- [Directions]: Without changing a word, return the listing below, minus its images.

- [Information provided]:

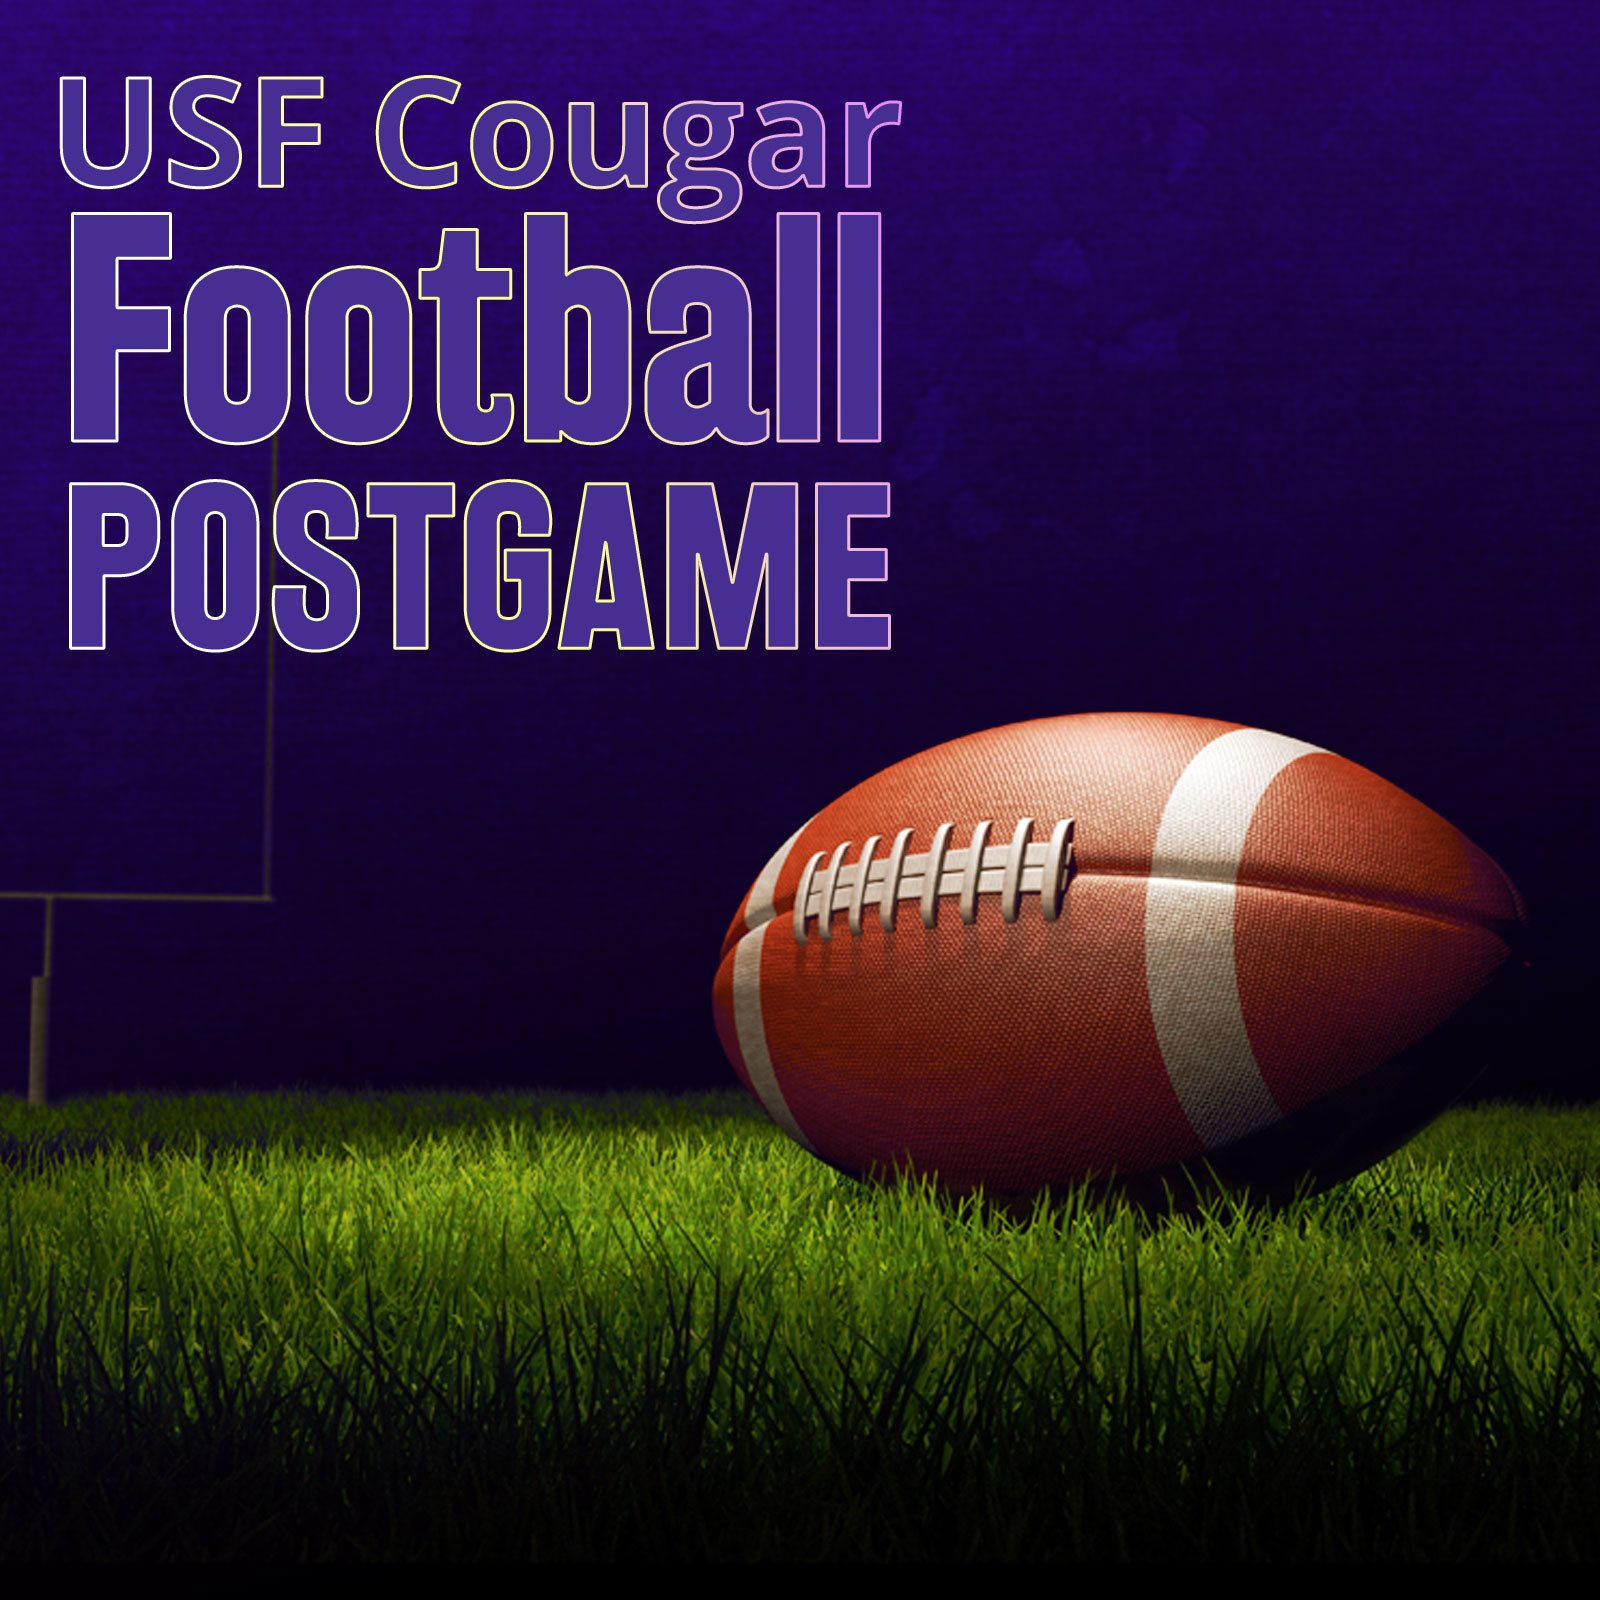 USF Cougar Football Postgame
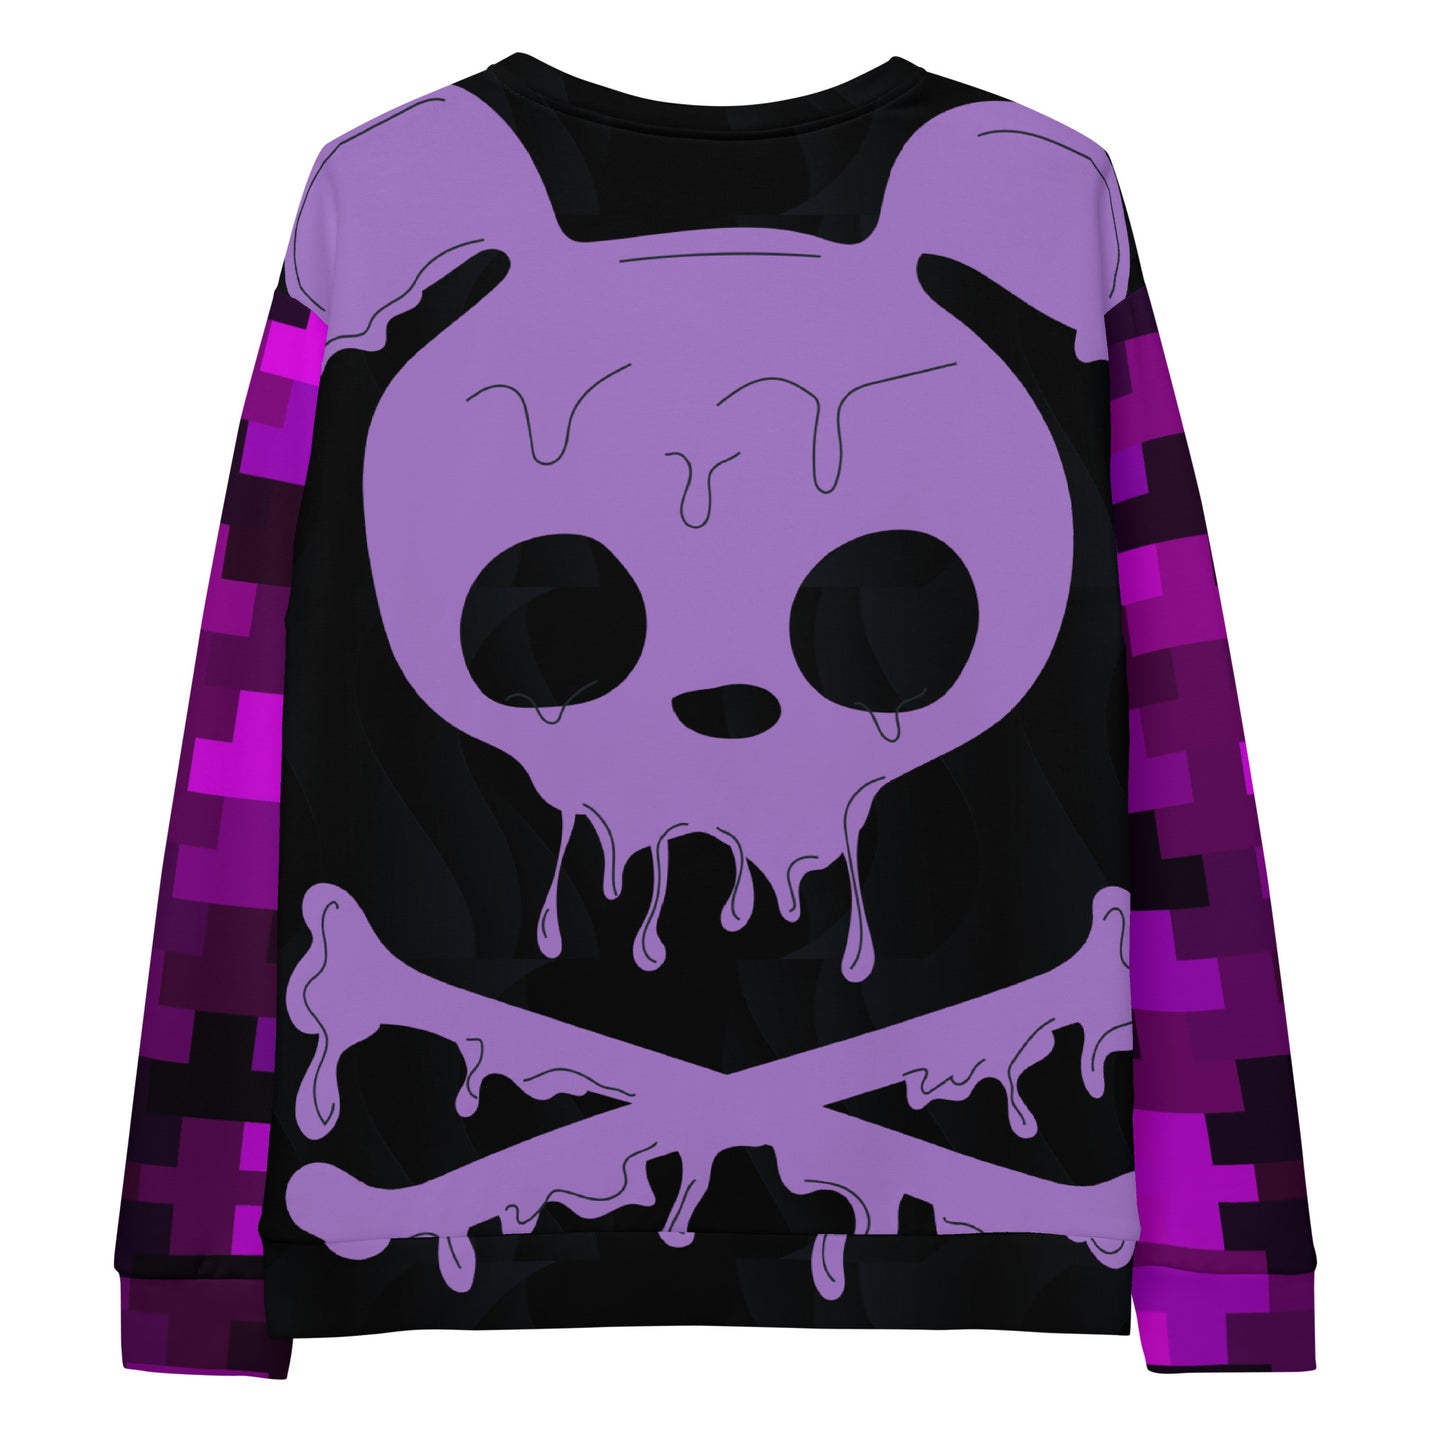 Tipsy Rebel Purple Poison Unisex Sweatshirt
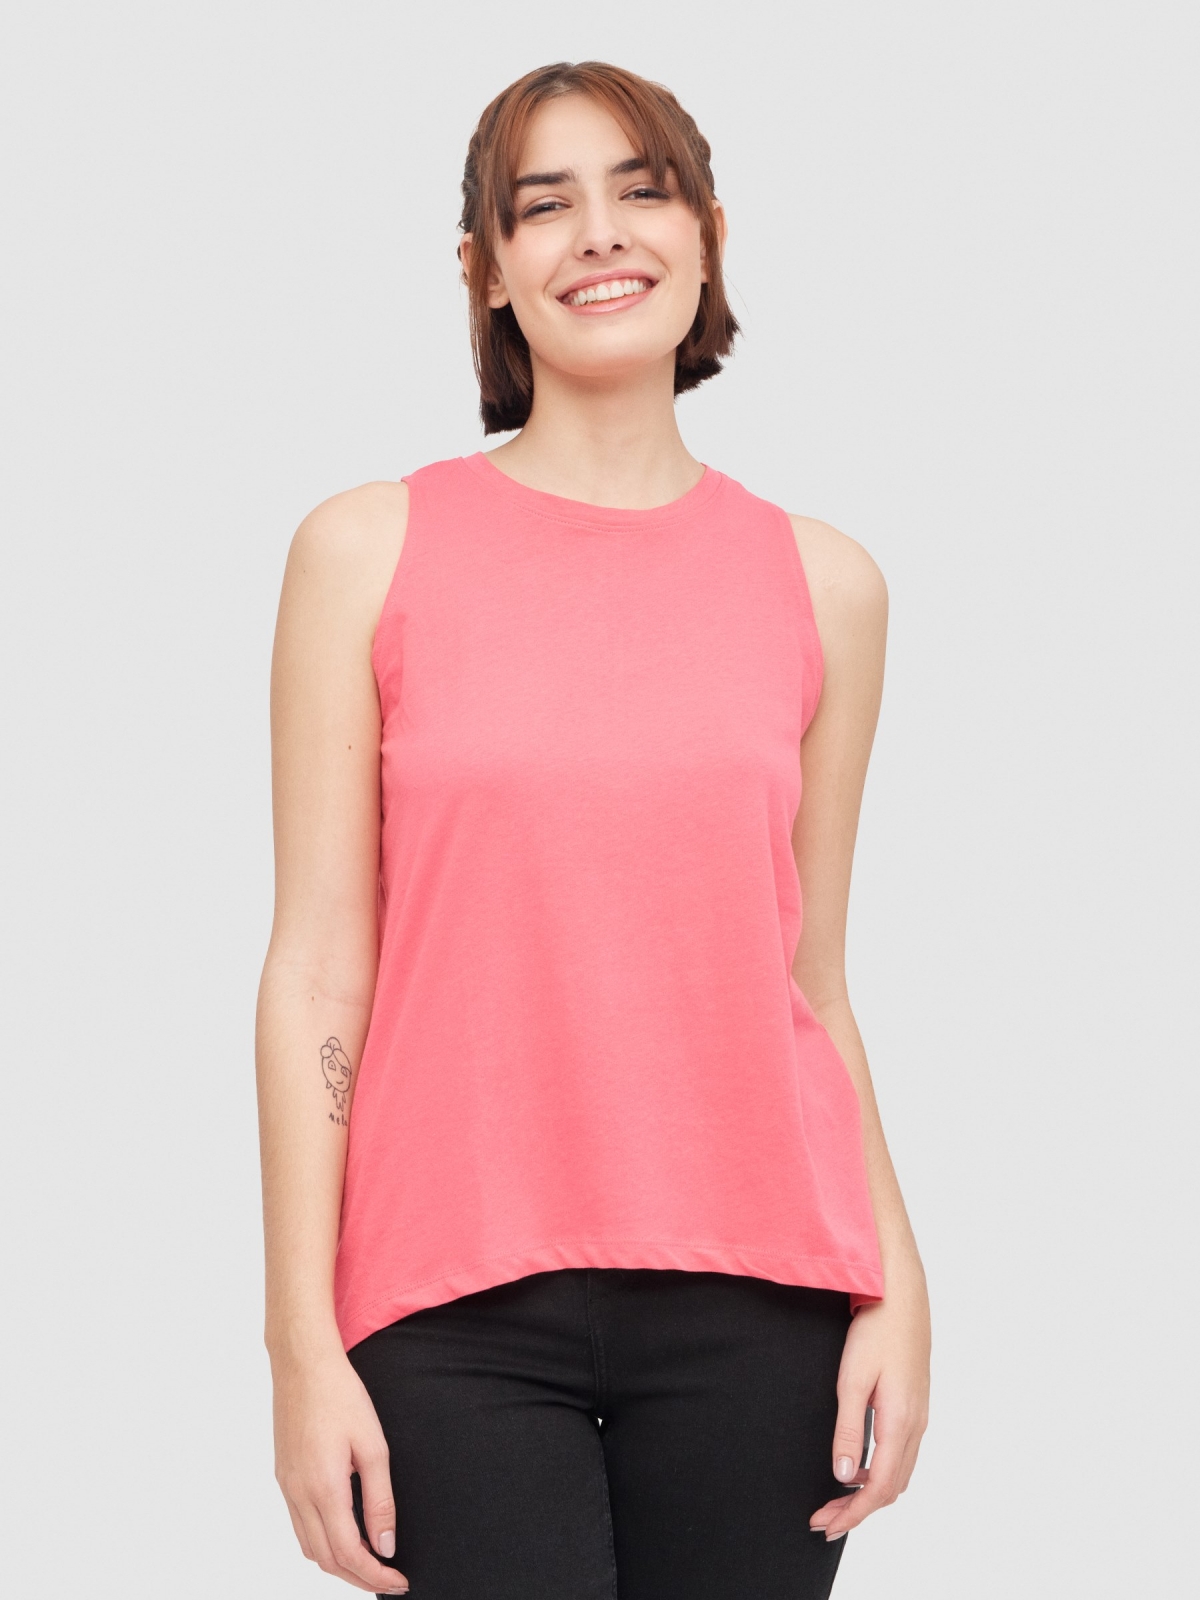 Camiseta abertura espalda rosa vista media frontal
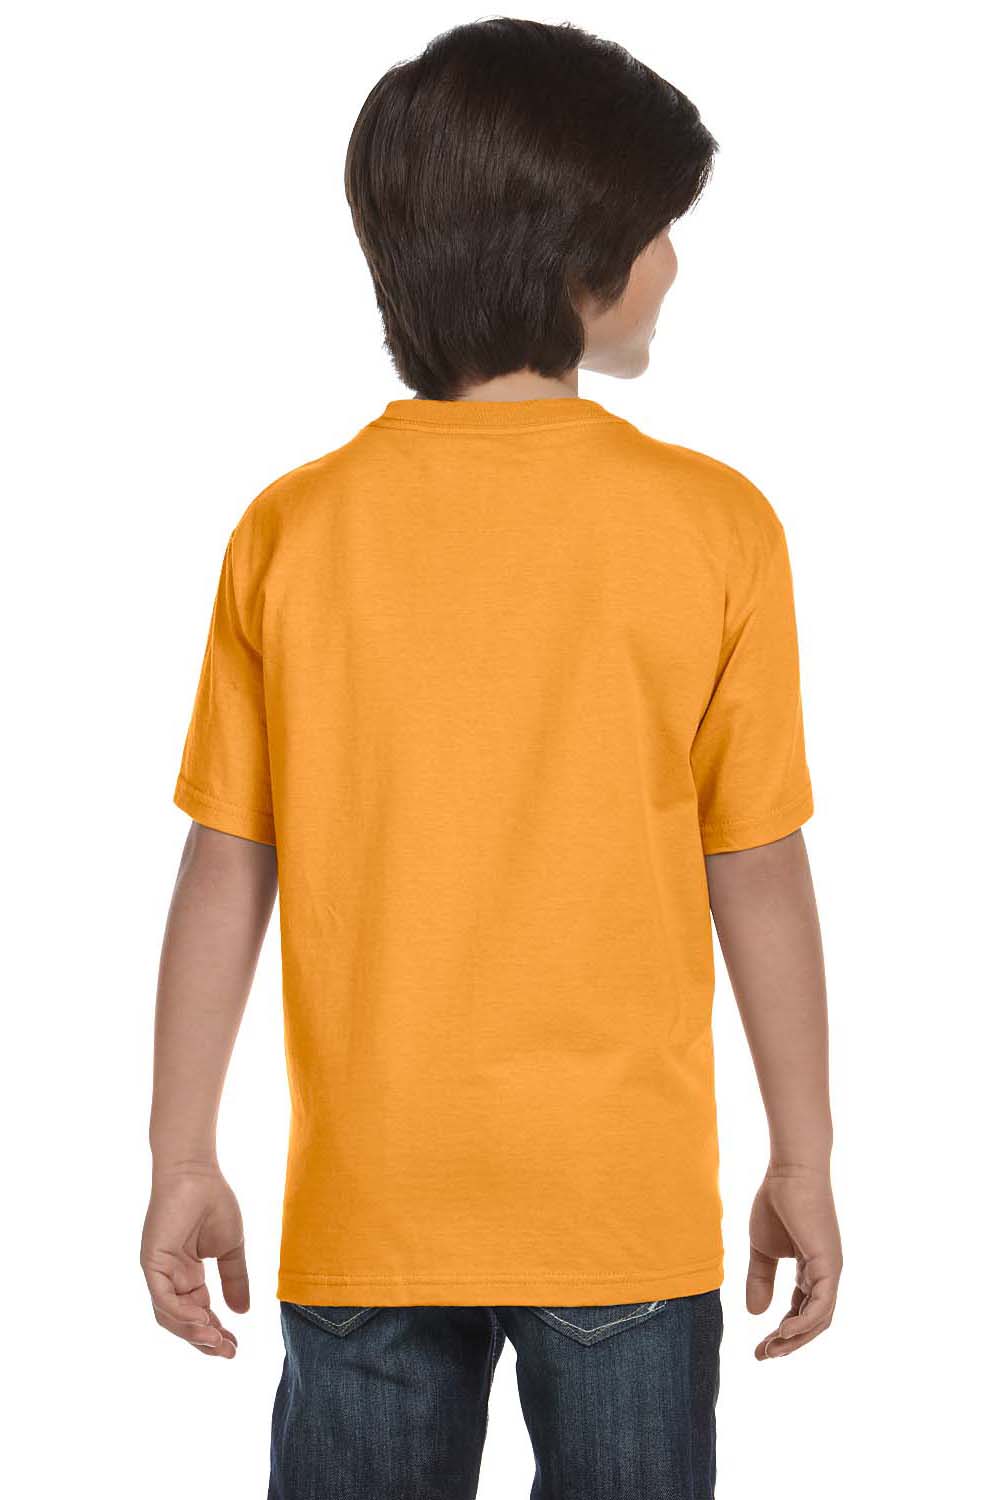 Hanes 5380 Youth Beefy-T Short Sleeve Crewneck T-Shirt Gold Back

- [Exercise answer]:
 USF Cougar Football Postgame
 Tipsy Rebel Purple Poison Unisex Sweatshirt
 Camiseta abertura espalda rosa vista media frontal
 Hanes 5380 Youth Beefy-T Short Sleeve Crewneck T-Shirt Gold Back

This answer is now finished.